When a sports team’s star millionaire takes a bad tumble, he is usually packed off to the nearest MRI clinic for a scan.

But if it weren’t for the research of Dr. Mark Henkelman, in the department of medical biophysics, that star might have to wait much longer, his medical diagnosis and playing career in limbo. Or else he might be burdened with heavy lead vests, and zapped with harmful x-rays.

Henkelman is one of the pioneers of magnetic resonance imaging (MRI). He completed his PhD in theoretical physics at U of T in 1973. After a stint at the University of British Columbia, he returned to U of T in 1981.

Back then, the entire MRI literature consisted of six published papers. “Companies were playing around trying to see whether these things could make good images,” Henkelman said.

He and colleagues at Princess Margaret Hospital, however, thought there were applications for this kind of imaging in detecting cancer. They were able to persuade the Canadian government of as much, and, in 1982, the hospital got hold of a very early prototype-the first such machine in Canada.

“The images were awful at the beginning,” said Henkelman. The patient’s motion would cause the image to splatter all over the screen. Another problem was boosting the brightness of objects against background noise-the so-called signal-to-noise ratio.

Henkelman and his team worked away to iron out the various kinks. They used mathematical algorithms and computing power to eliminate the motion artifacts. By 1985, MRI was good enough to use clinically, to look for cancer.

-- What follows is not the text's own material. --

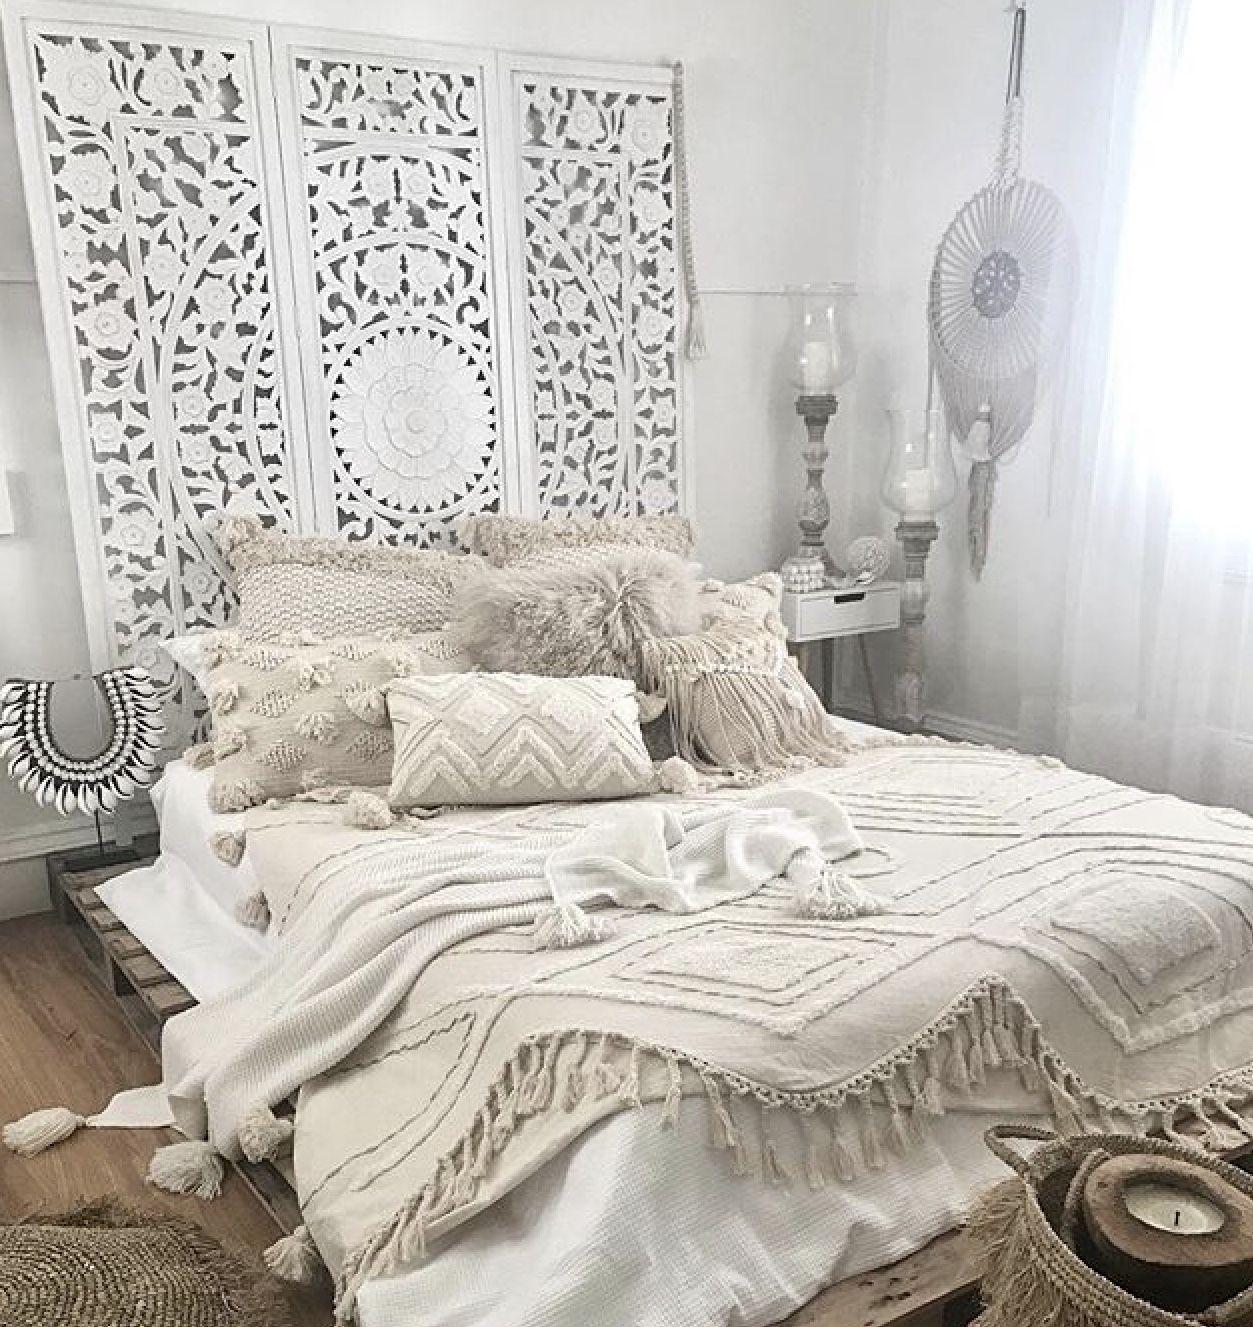 Bedroom inspo home decor bedrooms sweet bohemian also and bedding design ideas boho rh pinterest

Although Canada lagged initially in adopting MRI, with only 20 machines in the country in 1990, there are now several hundred, according to Henkelman.

“I don’t think anybody really knew how far this was going to go,” he said, “and we still haven’t hit the end of it.”

The beauty of MRI is that it produces vivid three-dimensional views through bodies, using only strong magnetic fields and the magnetic properties of hydrogen atoms in water (read: protons). A proton in the body aligns its magnetic field with the powerful magnetic field from the MRI machine.

Kicks of energy from radio waves then throw the proton’s magnetic field off kilter, and as this realigns, the proton releases photons of energy that pinpoint its position. Since the denser the tissue, the more protons there are in it, tissues of different compositions come out in different shades of gray.

Cobbling all this information together produces an image of one’s innards. Despite the progress over the years, though, MRI machines still cost a couple of million dollars apiece, and about $1,000 per patient to operate.

For his pioneering MRI work, Henkelman was elected this year into the Royal Society of Canada. He is now imaging mice, at the Hospital for Sick Kids’ mouse imaging centre, which he started in 2002.

“We’re using imaging to phenotype based on … deliberate genetic changes,” Henkelman explained. They tinker with a gene, in other words, and then look for observable changes in the organism’s look. Through this, researchers are looking to gain insights into human diseases, by observing the effects of mutations. They use much stronger magnetic fields, which would be hazardous for human health, to produce crisper pictures-their subjects don’t complain much.

“It’s much better than cutting them up,” said Henkelman, “but probably a bit more expensive,” he added, with a chuckle.